*** Data extract ***

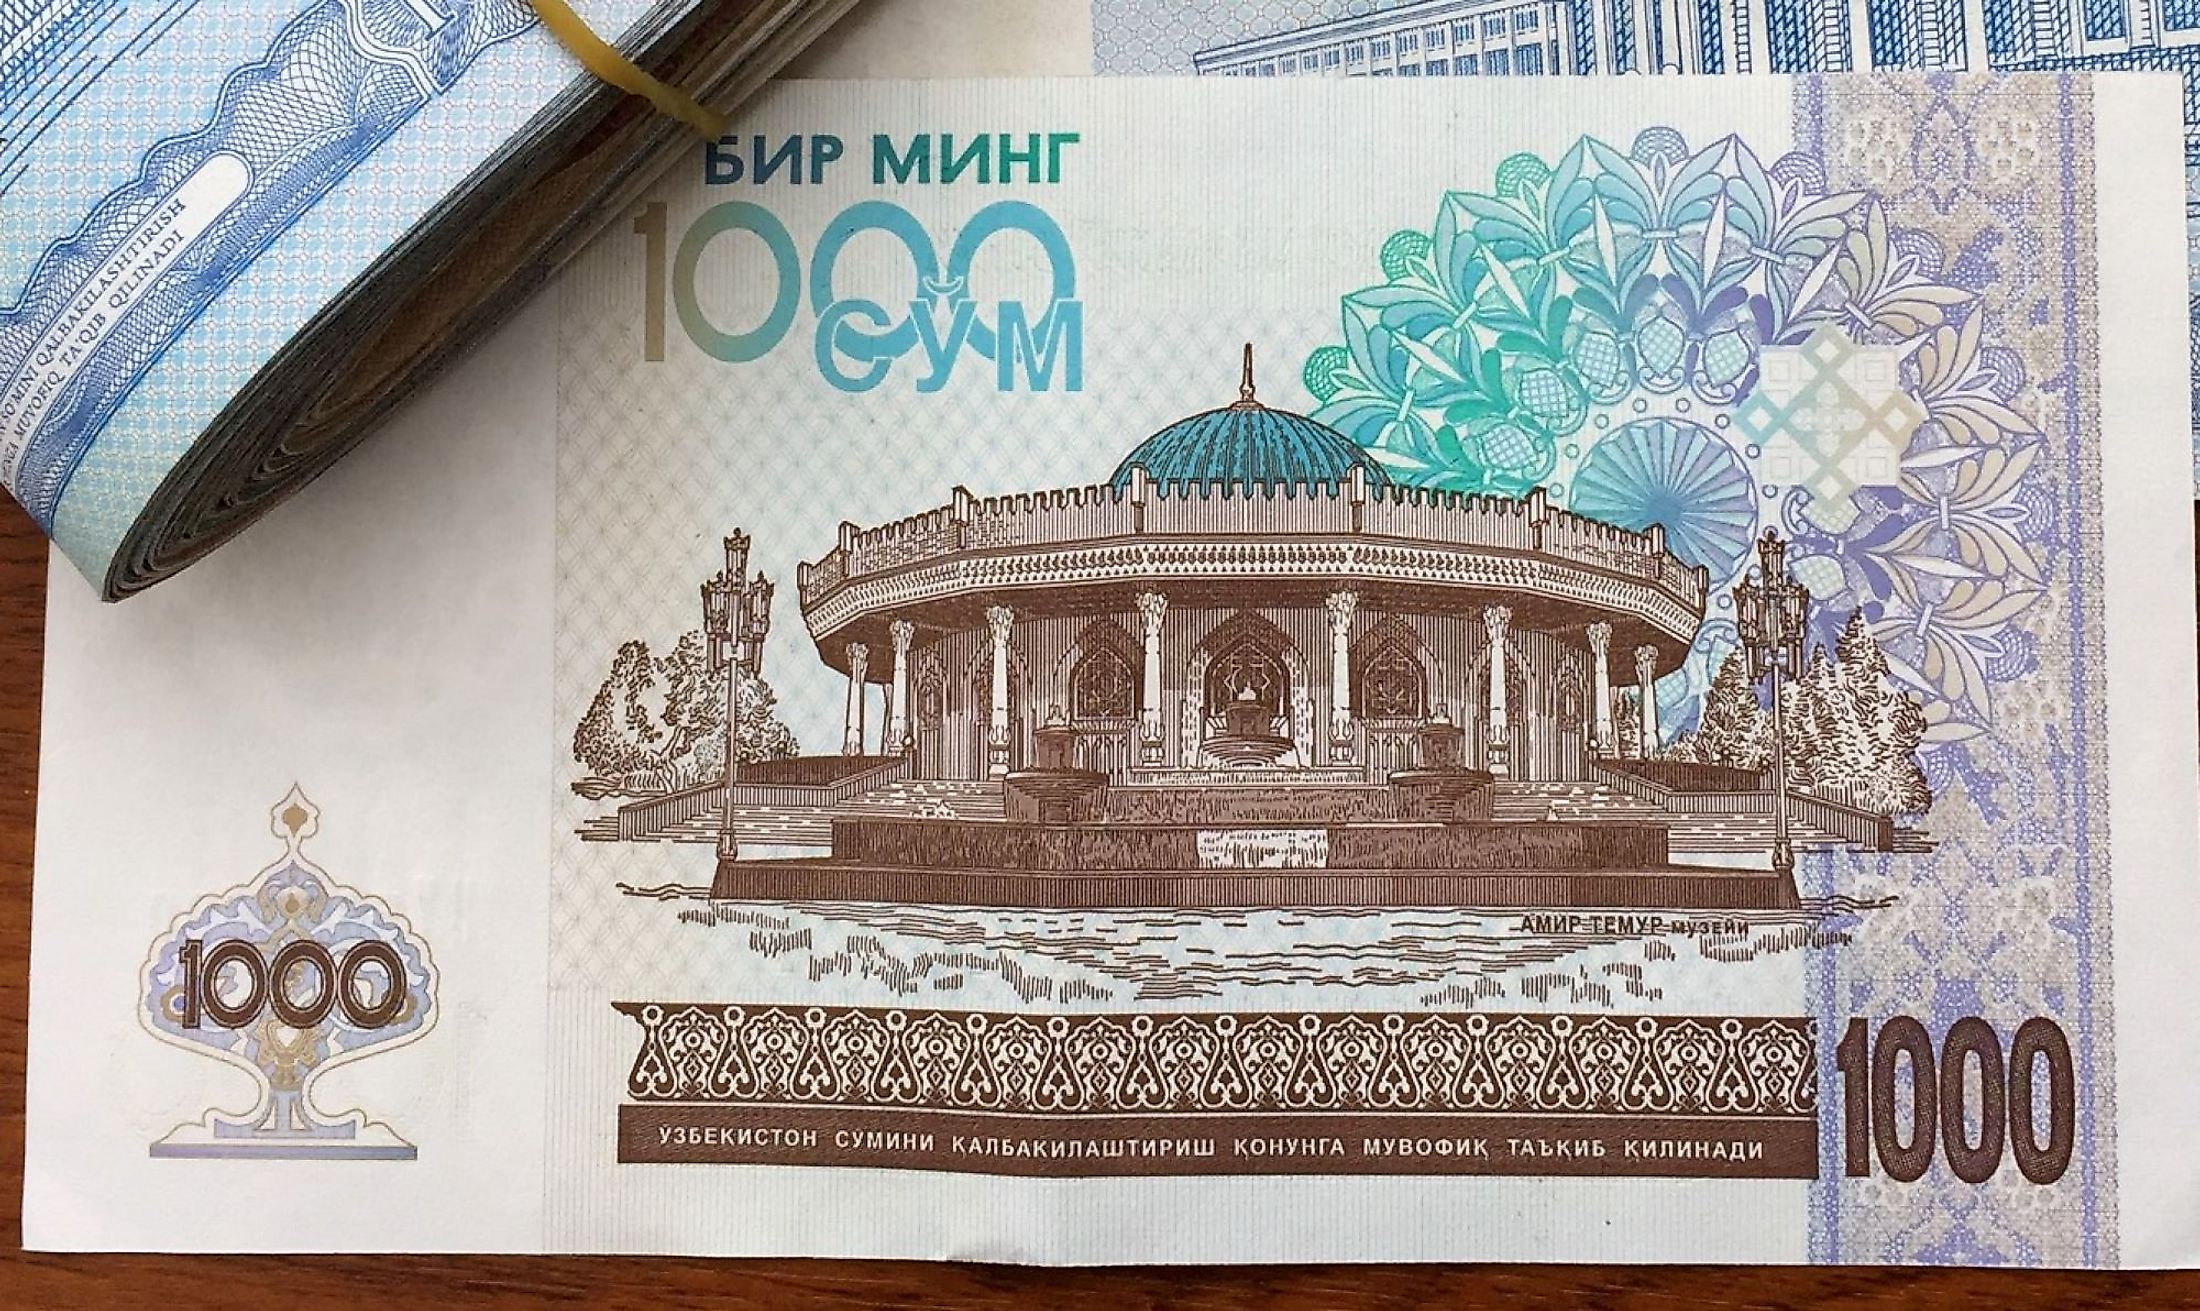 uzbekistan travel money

***
*** Data extract ***

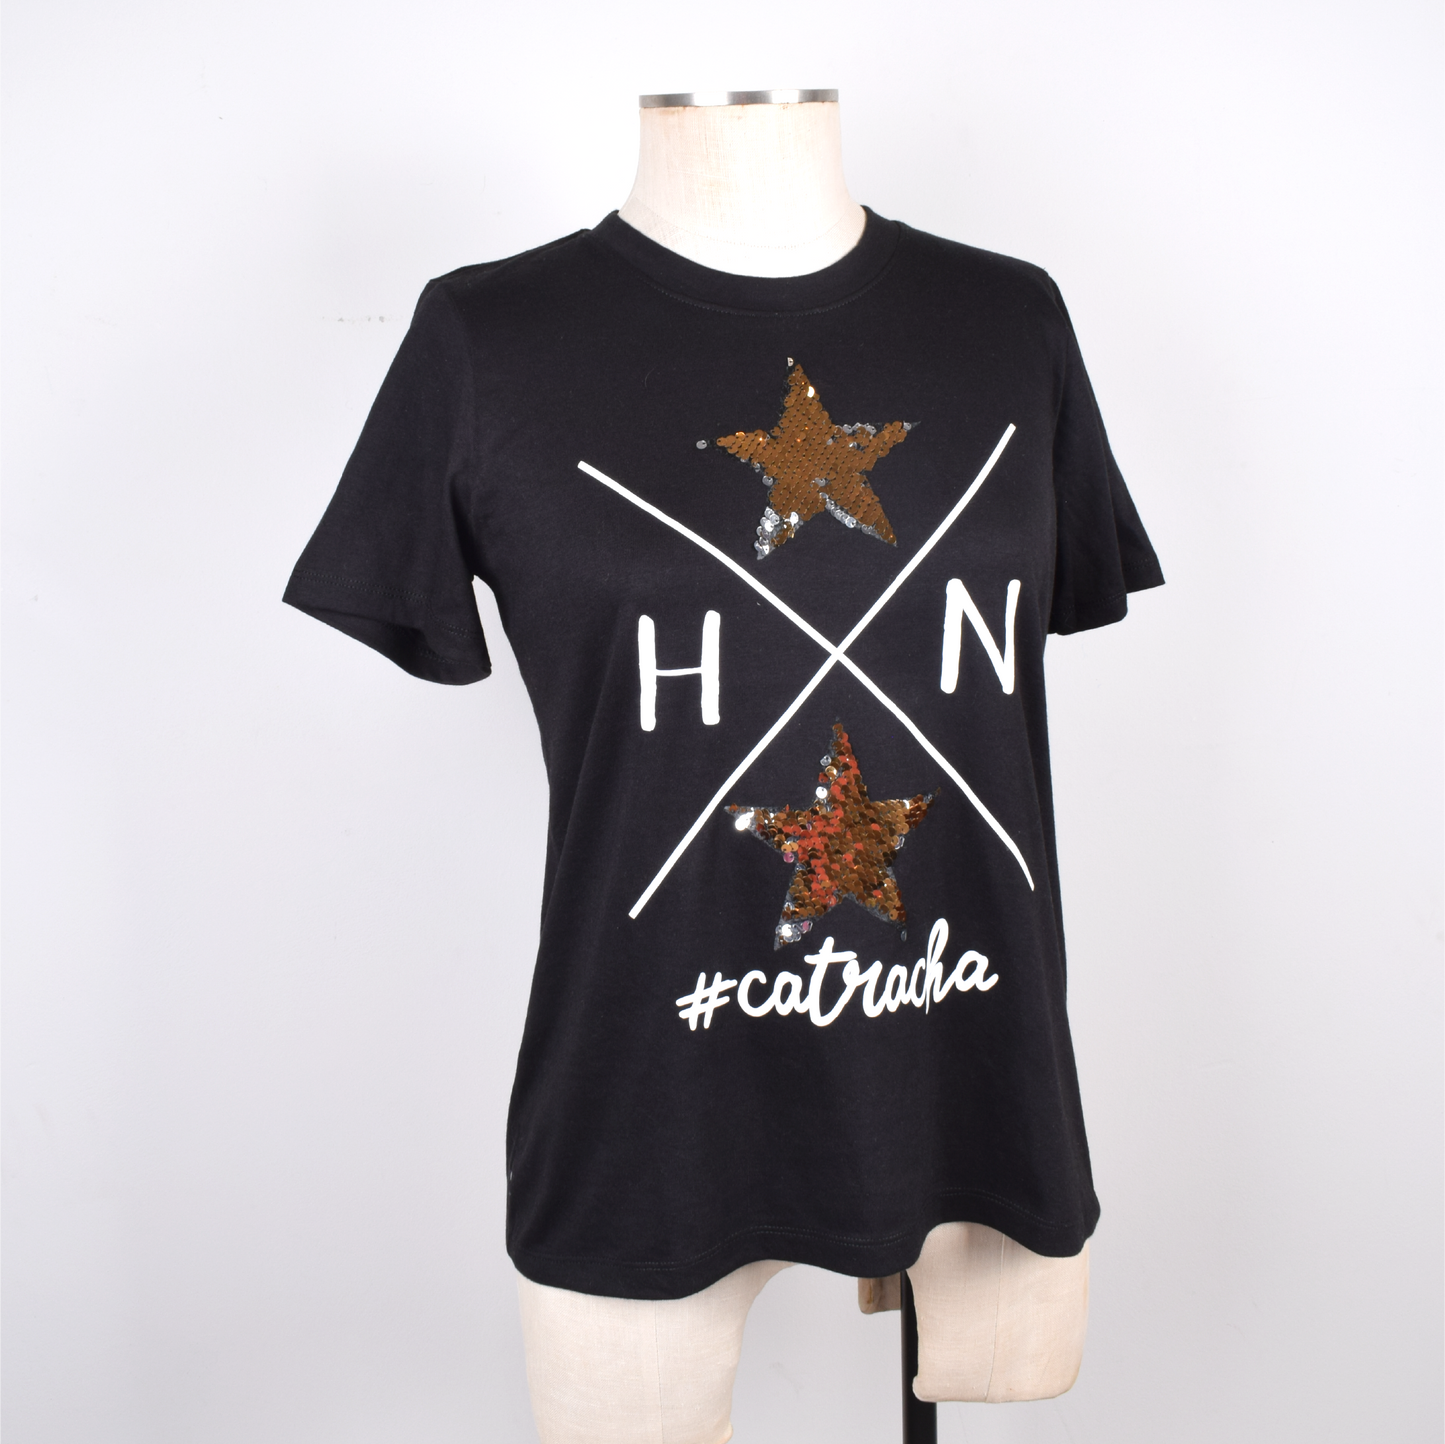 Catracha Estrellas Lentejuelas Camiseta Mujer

***
*** Data extract ***

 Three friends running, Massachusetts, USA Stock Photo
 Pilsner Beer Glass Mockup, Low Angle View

***

→ Exercise requirements: In the listing above, locate the line with "Three friends running, Massachusetts, USA" and the line with "Pilsner Beer Glass Mockup, Low Angle View", then extract exactly those lines and every line between them, and nothing more.

→ Answer for this exercise:
 Three friends running, Massachusetts, USA Stock Photo
 Pilsner Beer Glass Mockup, Low Angle View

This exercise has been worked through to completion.